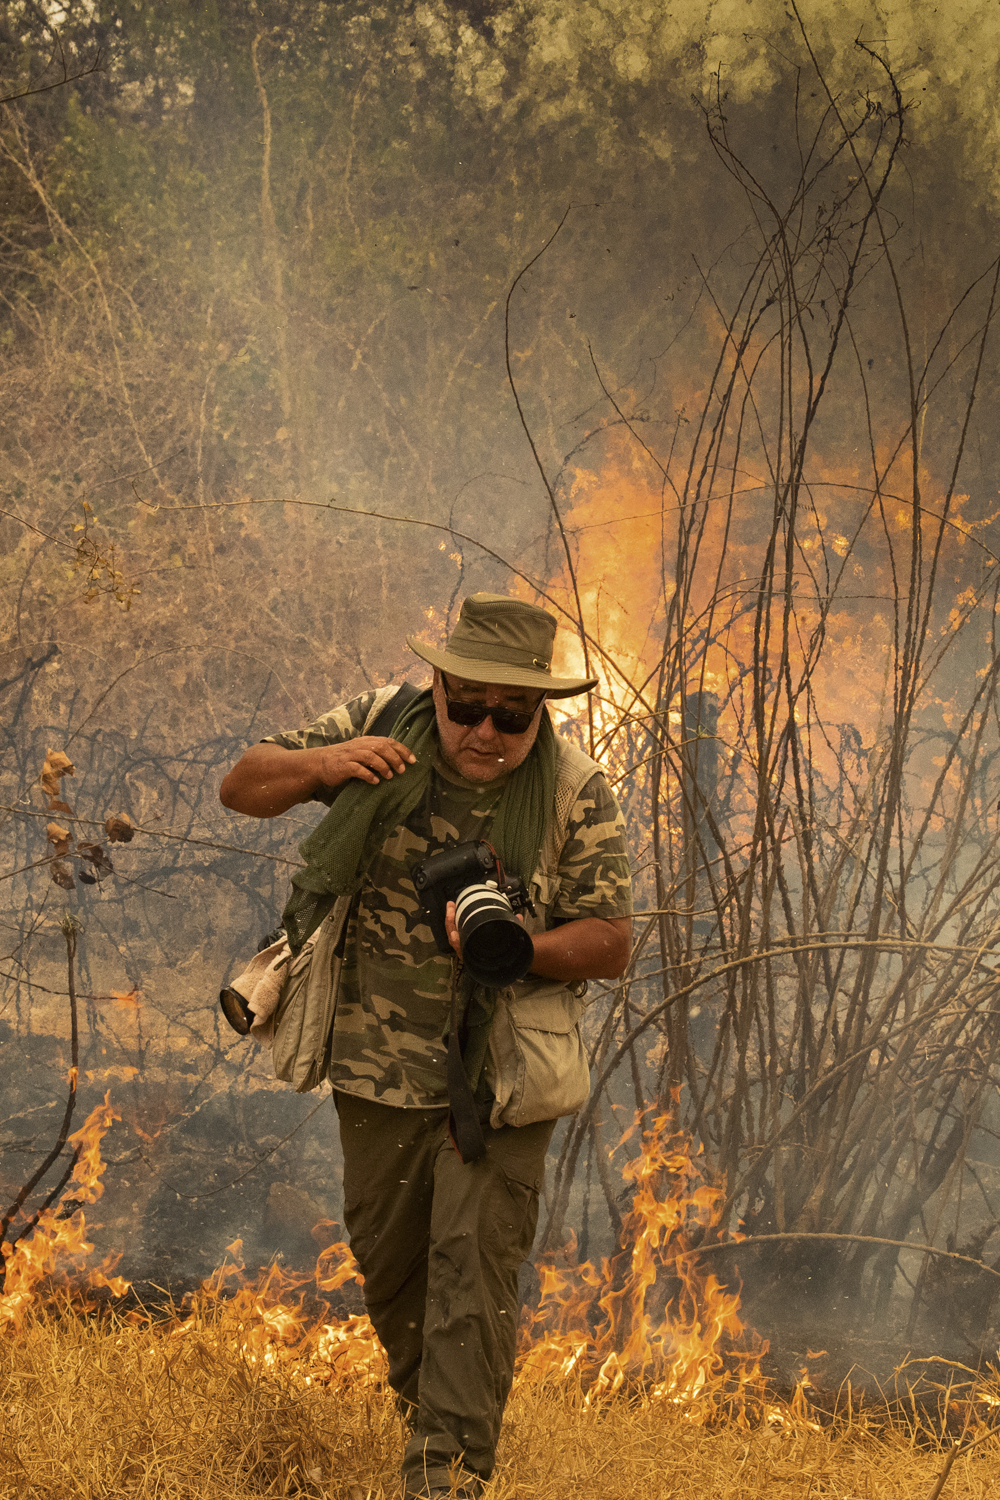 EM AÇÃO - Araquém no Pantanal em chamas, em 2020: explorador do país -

==

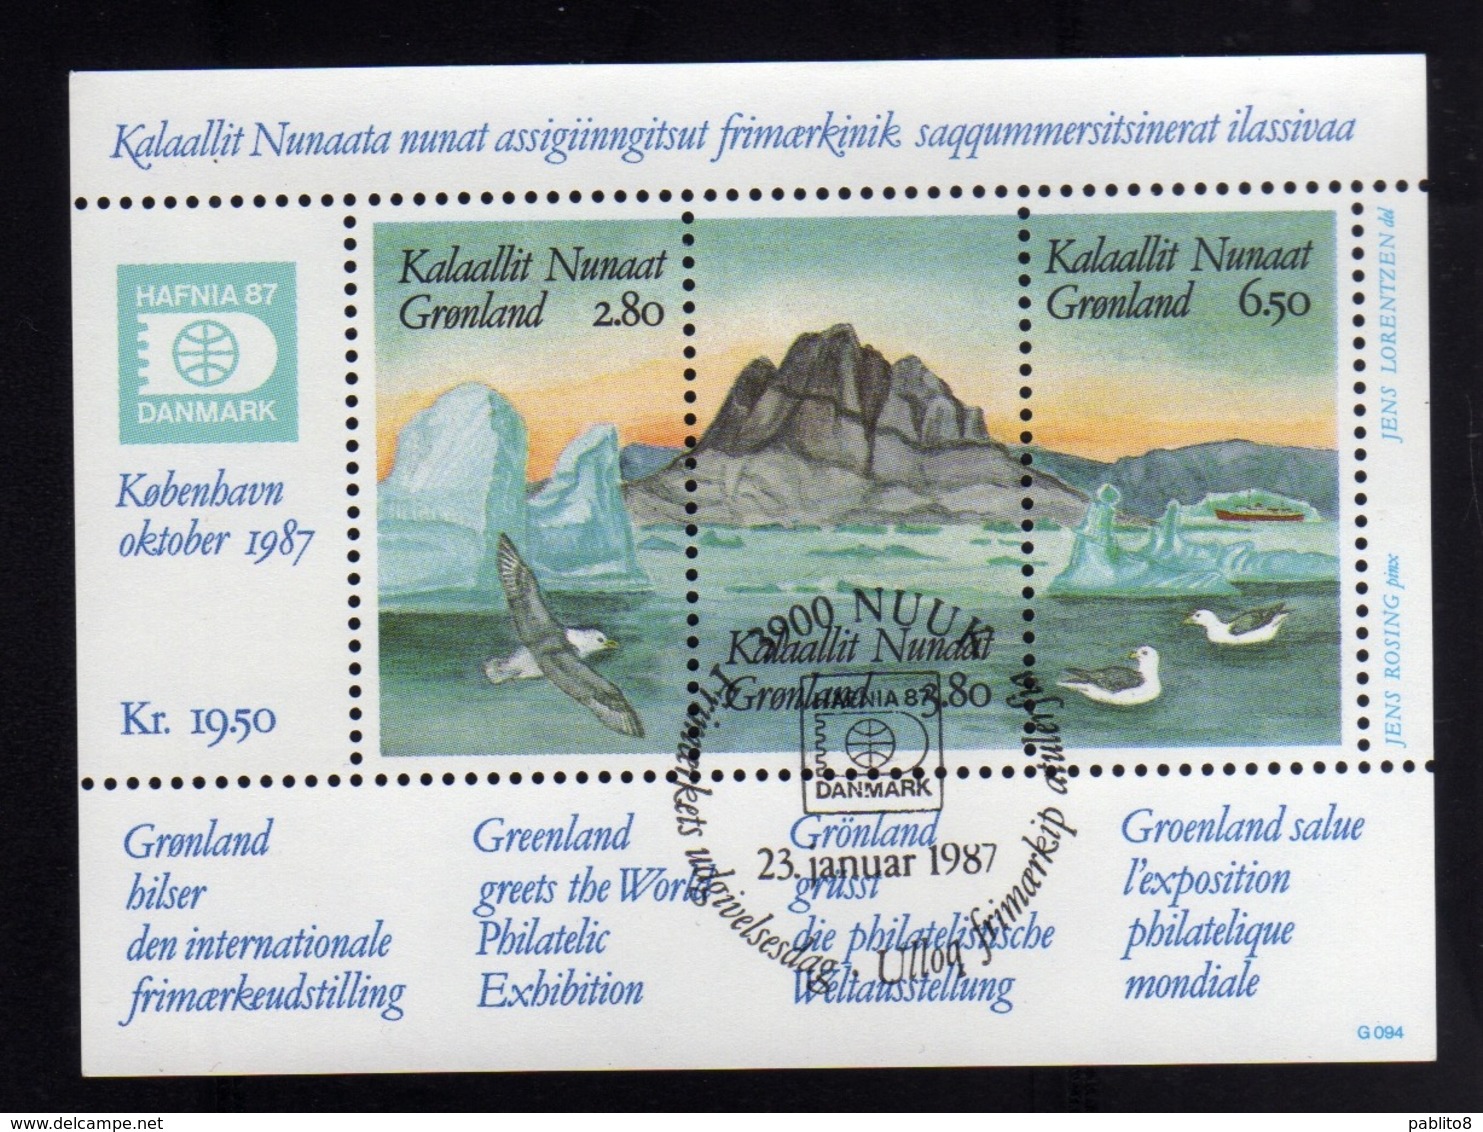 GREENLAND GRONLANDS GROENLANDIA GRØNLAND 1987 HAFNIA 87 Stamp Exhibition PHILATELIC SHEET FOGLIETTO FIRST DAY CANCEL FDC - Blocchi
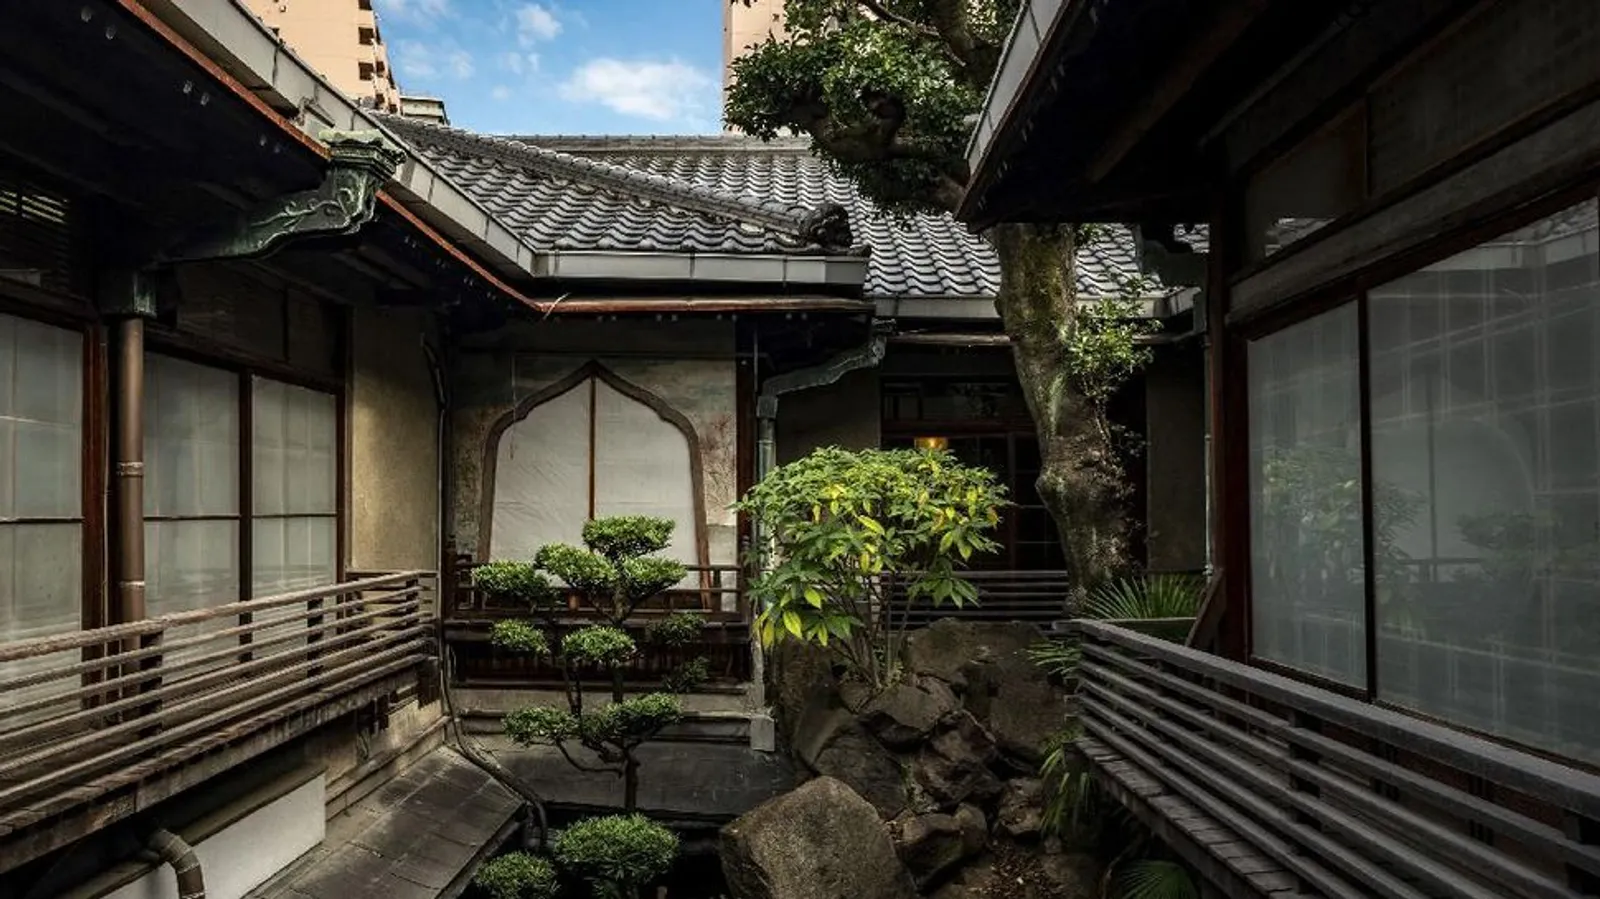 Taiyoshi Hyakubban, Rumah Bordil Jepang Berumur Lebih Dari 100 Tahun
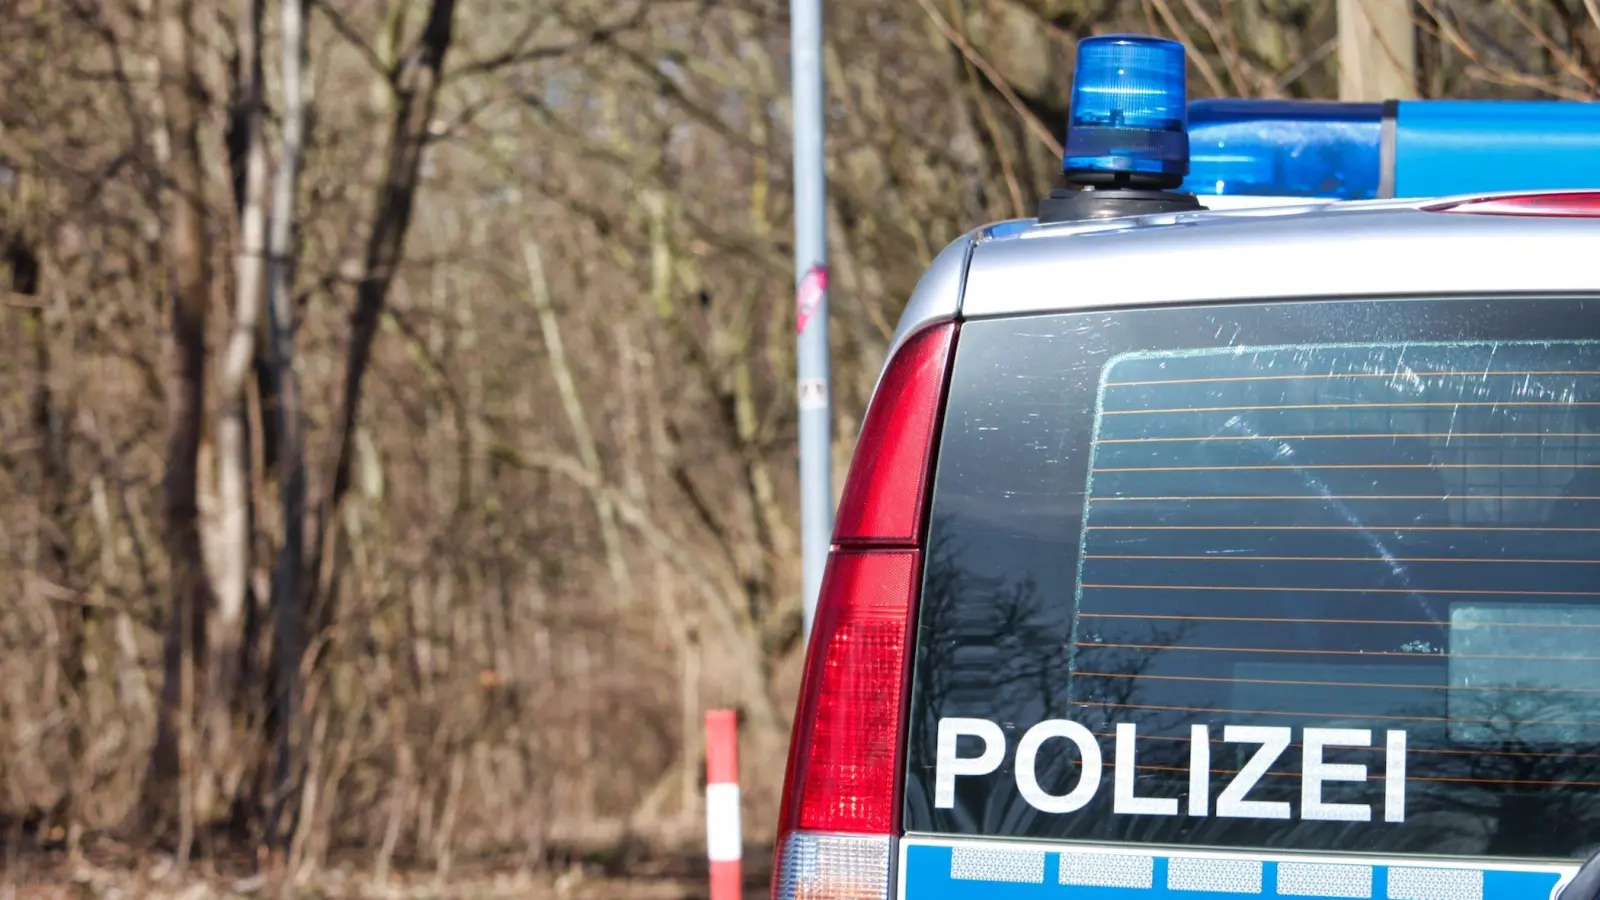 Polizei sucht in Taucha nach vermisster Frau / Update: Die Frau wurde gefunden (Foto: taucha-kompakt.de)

_How to complete this task_. Using the data above, which lines fall from the one with "GREENLAND GRONLANDS GROENLANDIA" through the one with "Polizei sucht in"? Repeat them exactly, ends included, minus any pictures.

_Solution for this exercise_.
 GREENLAND GRONLANDS GROENLANDIA GRØNLAND 1987 HAFNIA 87 Stamp Exhibition PHILATELIC SHEET FOGLIETTO FIRST DAY CANCEL FDC - Blocchi
 Taiyoshi Hyakubban, Rumah Bordil Jepang Berumur Lebih Dari 100 Tahun
 Polizei sucht in Taucha nach vermisster Frau / Update: Die Frau wurde gefunden (Foto: taucha-kompakt.de)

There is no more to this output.